But what about the bytecode optimization, i.e., vectorization? This comes to the question of the relevance of tracking individual array cell’s lifetime. During a literature review, it was found that there exists a form of logic called dependence logic which provides models to think about this relation. Per (Galliani 2021): "Dependence logic is an extension of first-order logic which adds to it dependence atoms, that is, expressions of the form  = (x1...xn,y) which assert that the value of y is functionally dependent on (in other words, determined by) the values of x1...xn. These atoms permit the specification of non-linearly ordered dependency patterns between variables". The dependence logic gives us some perspectives on how the data values could be modeled, e.g., team semantics (Hodges 1997) which posits how some values are dependent on teams of values. This kind of abstract interpretation would give more detail to operations such as vector reduction. Instead of the shape only being modified, we could have a notion which additionally captures the fact that the produced SomeScalar is also dependent on the values of the whole vector. This could still be interpreted without overthinking the actual value. However, some proofs could be extracted, e.g., that the SomeScalar satisfies the fact that its value is more or equal to any value in the input vector. E.g., we could say in Idris:

data Value: Vect n Int -> Int -> Type where
        EQorQT: (vec: Vect n Int) ->
            -> {auto isQT : (count 0 vec) > (len (vec - 1))}
            -> Value (S (max vec))

    reduce : Vect n Int -> Shape [...]
    reduce v = SomeScalar (logicalAND (1 (EQorQT v)))
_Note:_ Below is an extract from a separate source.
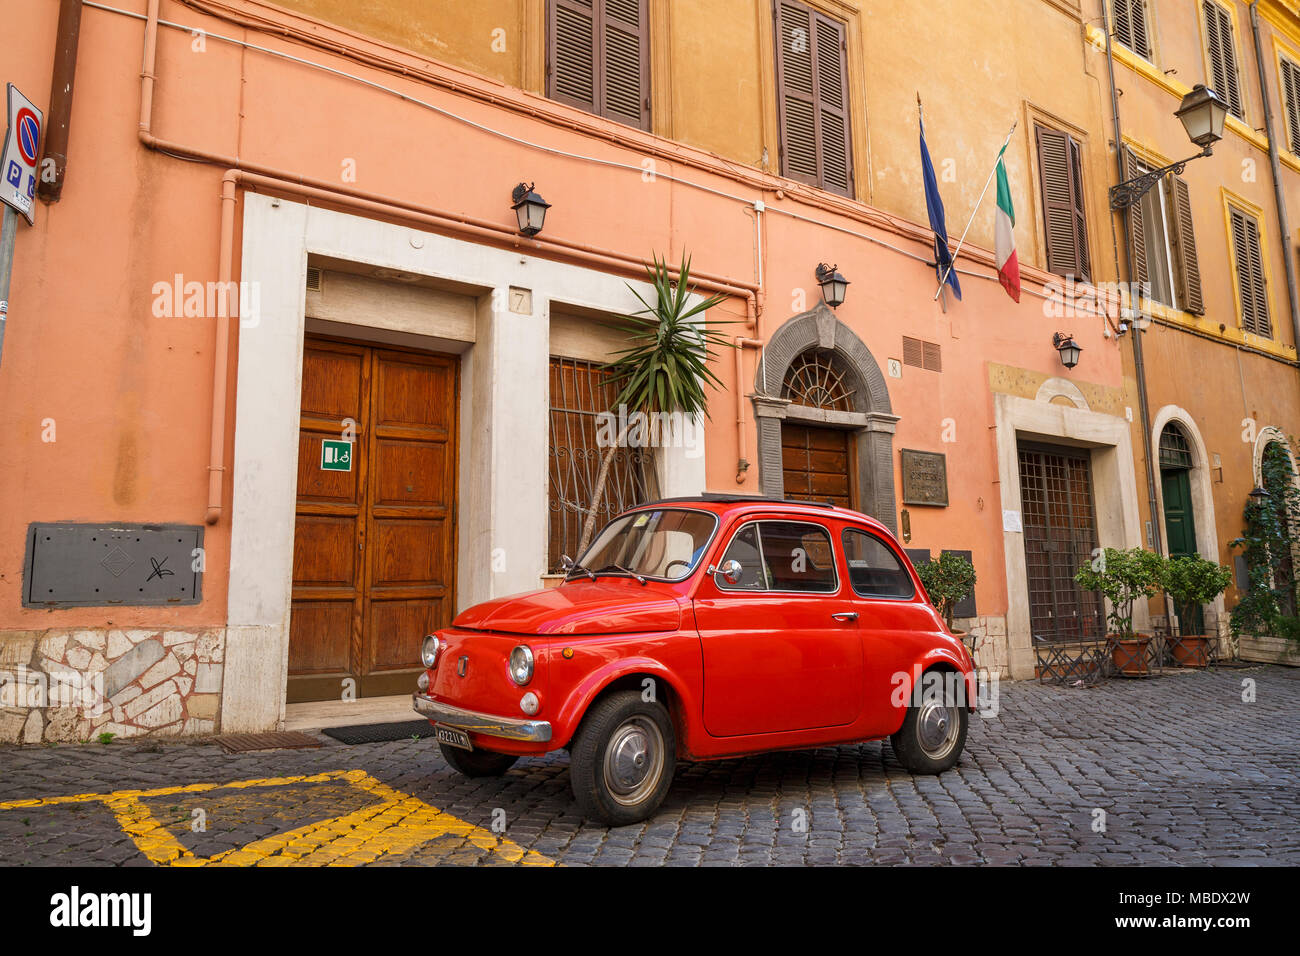 Vista iconico di un vecchio rosso Fiat 500 parcheggiato in una strada a ciottoli in Roma, Italia, al di fuori di un edificio sotto la bandiera italiana. Le targhe mostrano un MI Foto Stock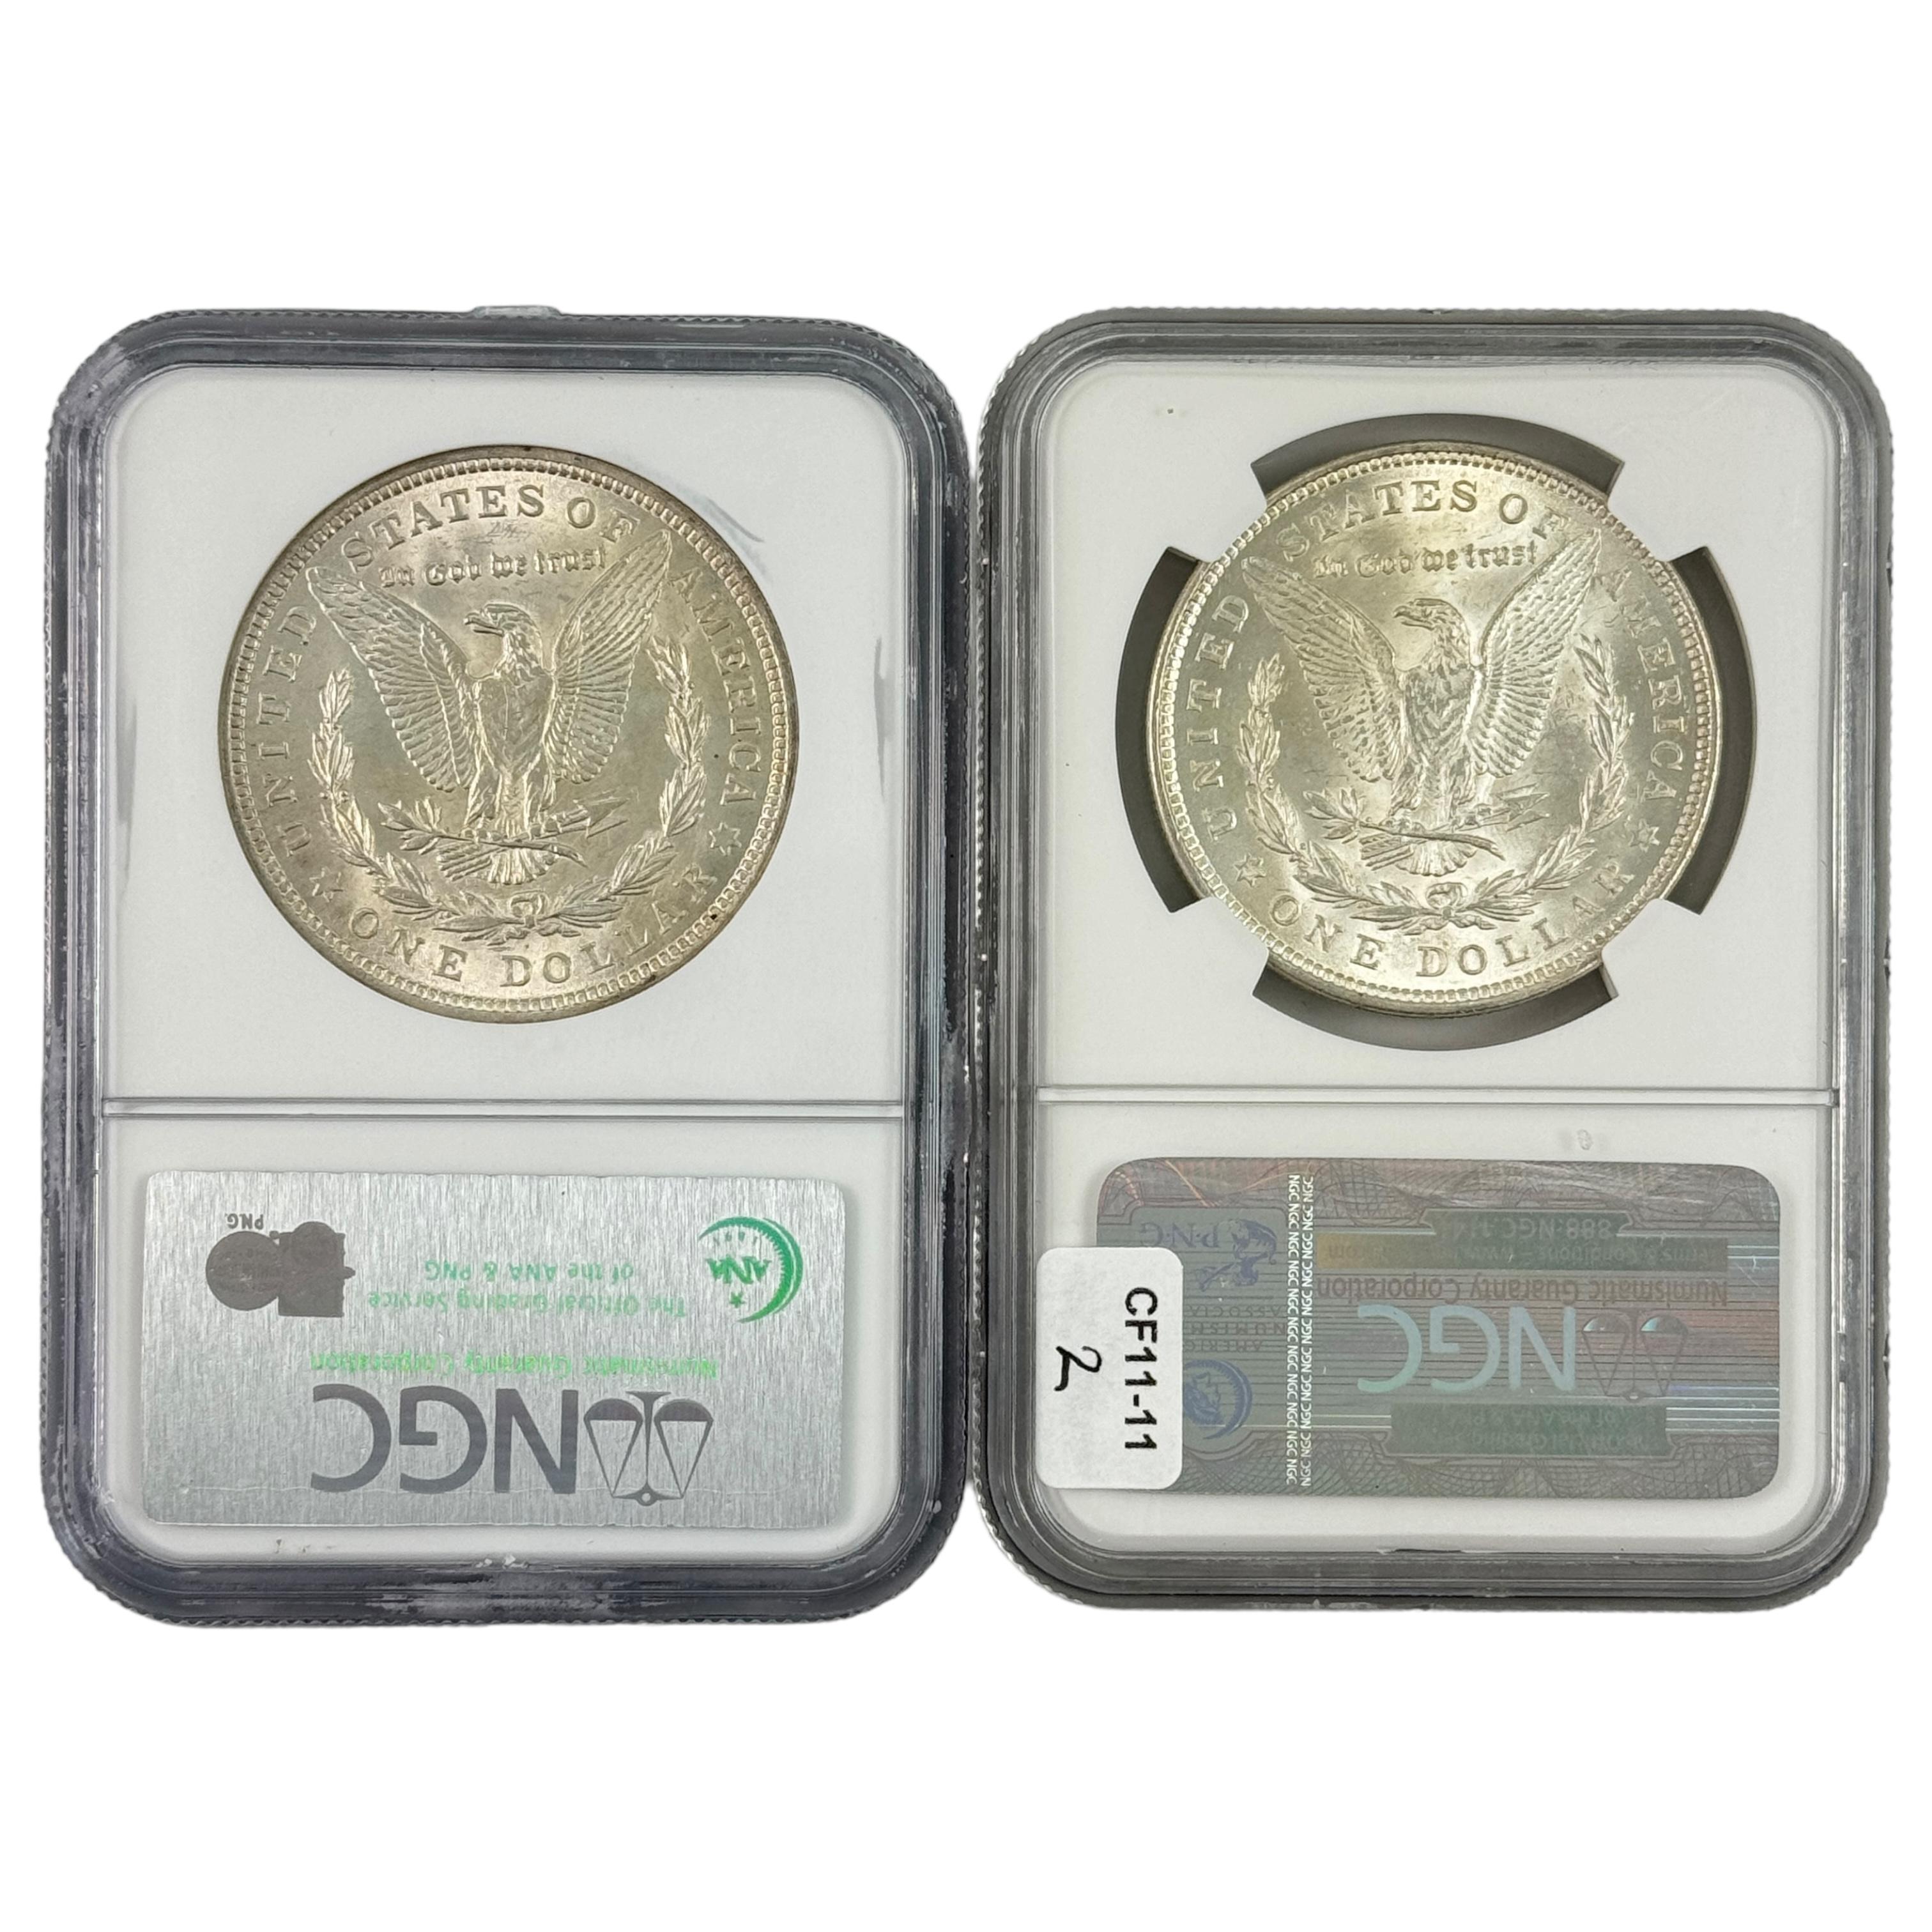 Pair of certified 1921 U.S. Morgan silver dollars

So, the point is that on line 7, we do computation on the vector values, but we could always discard the value. This way, we could still check some propositions on the data, and this way carry out proofs during the type-checking of the program. Next, if we would instead carry over the proofs during the program lifecycle, we could catch some redundant execution. Again, whether this has any practical upside would require further studies. However, there could be some exceptional cases in which this could be beneficial for execution: e.g., if two vectors A and B are ordered, and we want to check whether the sum reduction a of A is greater than sum reduction b of B, then there would either exists an execution path where (▫(a>b)) or vice versa. If these dependence proofs under which these conditions hold could be carried and represented in bytecode, then the execution could pre-emptively stopped. And, it is worth noting that because SIMD computation tends to work in lockstep, i.e., there are separate compute and synchronization steps, then these proofs could be evaluated on the synchronization part and put into practical use.

Visualization of a 4-value vector reduction.
Visualization of a 4-value vector scan.
Alternative visualization of a 4-value vector scan without explicit shape information. a values are starting values, o values are result values.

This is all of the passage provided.